Подъехав к столбам пыток и удостоверившись в том, что не ошибся, Боргес приказал молодым вождям немедленно освободить нашего царя и его спутника. Те, однако, предложили старому варвару убираться в Тартар.

Боргес призвал своих воинов, молодые вожди — своих. Варвары ревели, как стадо бешеных быков; всё шло к тому, что вот-вот разразится кровавая междоусобная бойня. Молодые предводители клялись, что уничтожат ненавистные корабли, чего бы это им не стоило. Маэс, рыча Тесею в лицо, обозвал его и всех эллинов распространителями зла; Боргес схватил ведро с рассолом и выплеснул сыну на голову. Юный дикарь взвыл, как побитая палкой собака. Пинками и подзатыльниками отогнав молодых головорезов от столбов, владыка варваров обратился к Тесею.

«Прими мои извинения, царь Афин, — прогромыхал он могучим басом, более похожим на раскат грома, нежели на человеческий голос. — Щенки, похоже, пытаются огрызаться на старших, но мы покажем им, что наши зубы ещё остры!»

Сколько лет было тогда Боргесу?
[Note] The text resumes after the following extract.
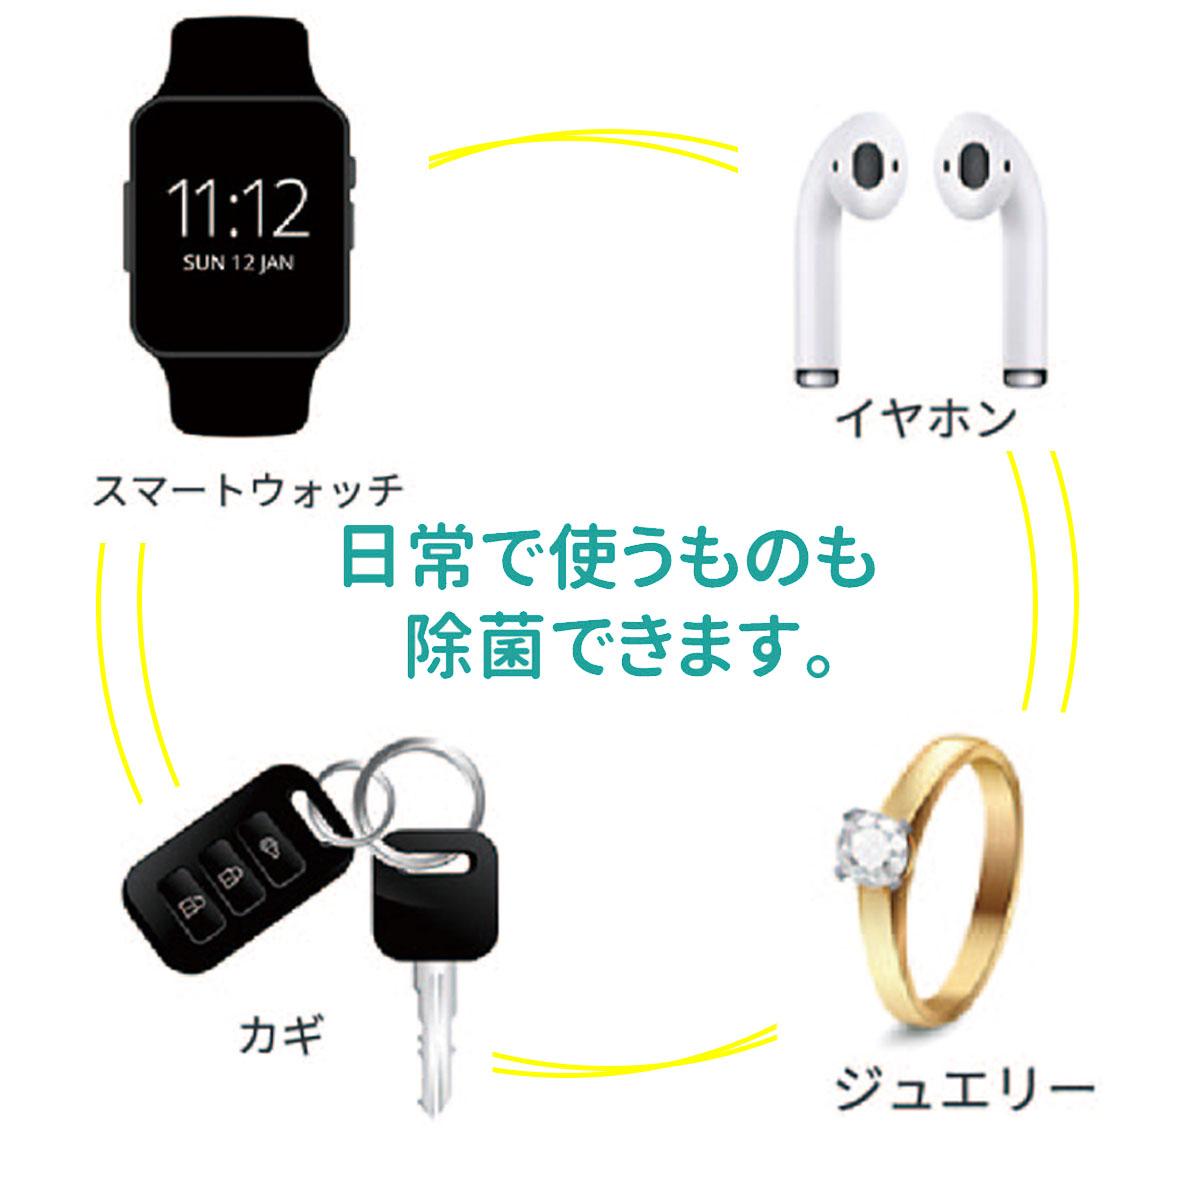 ワイヤレス&USB充電対応デジタルクロック Phosh (フォッシュ)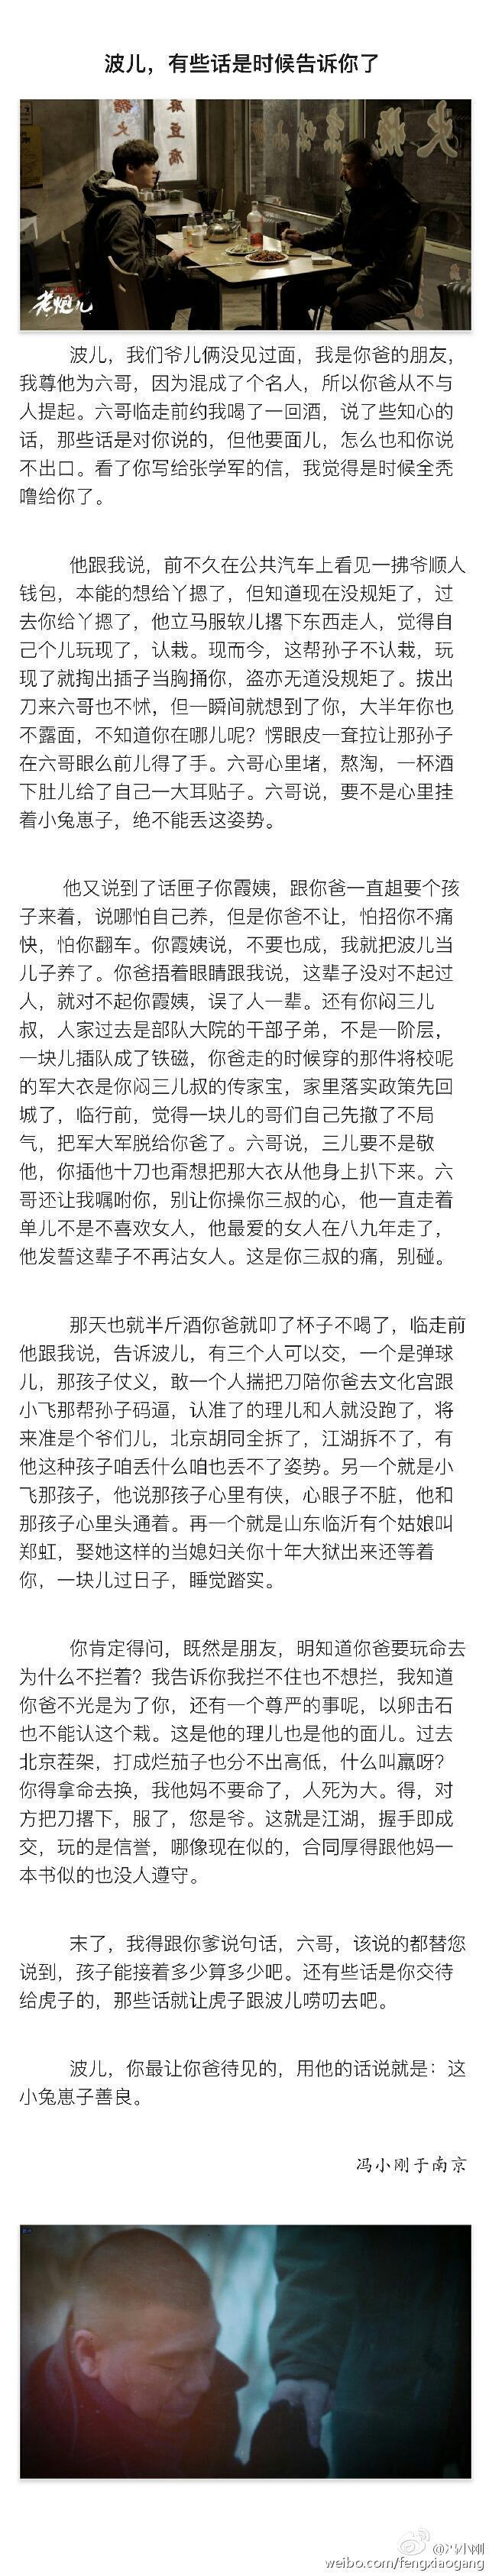 冯小刚李易峰互致书信 《老炮儿》父子档隔空吐露心声

Во всяком случае, никак не меньше шестидесяти. Со времени осады Афин он сильно изменился. В те дни скифский владыка не снимал тиары даже в отхожем месте. Его наряд отличался пышностью и множеством драгоценных украшений. Теперь же он носил обычный плащ всадника, его голову украшал колпак из волчьей шкуры. Ни золота, ни самоцветов не было и в помине. Тоном, не терпящим возражений, он распорядился немедленно освободить Тесея и команду «Феамы», вернуть им всё отобранное и дать возможность привести себя в порядок, дабы они смогли стать его гостями на сегодняшнем пиру.

«Мы отужинаем как друзья, — громко, чтобы слышали и юные удальцы, возгласил скифский царь. — Вам, молодым, будет полезно прислушаться к речам великого человека, попавшего в ваши руки лишь по умышлению богов, ибо никто из вас не мог бы потягаться с ним ни в доблести, ни в мудрости. Не будь на то воли небес, вы не приблизились бы к нему и на сотню стадиев!»

Тот, кому не случалось бывать на скифском пиру, понятия не имеет о том, что такое настоящий дикий разгул. Скифы пьют вино неразбавленным, презирают всех, кто проявляет умеренность, и не считают позором упиться до бесчувствия. К полуночи вся компания перепилась до свинского состояния, придя в столь же благостное расположение духа, какое характерно для помянутых животных.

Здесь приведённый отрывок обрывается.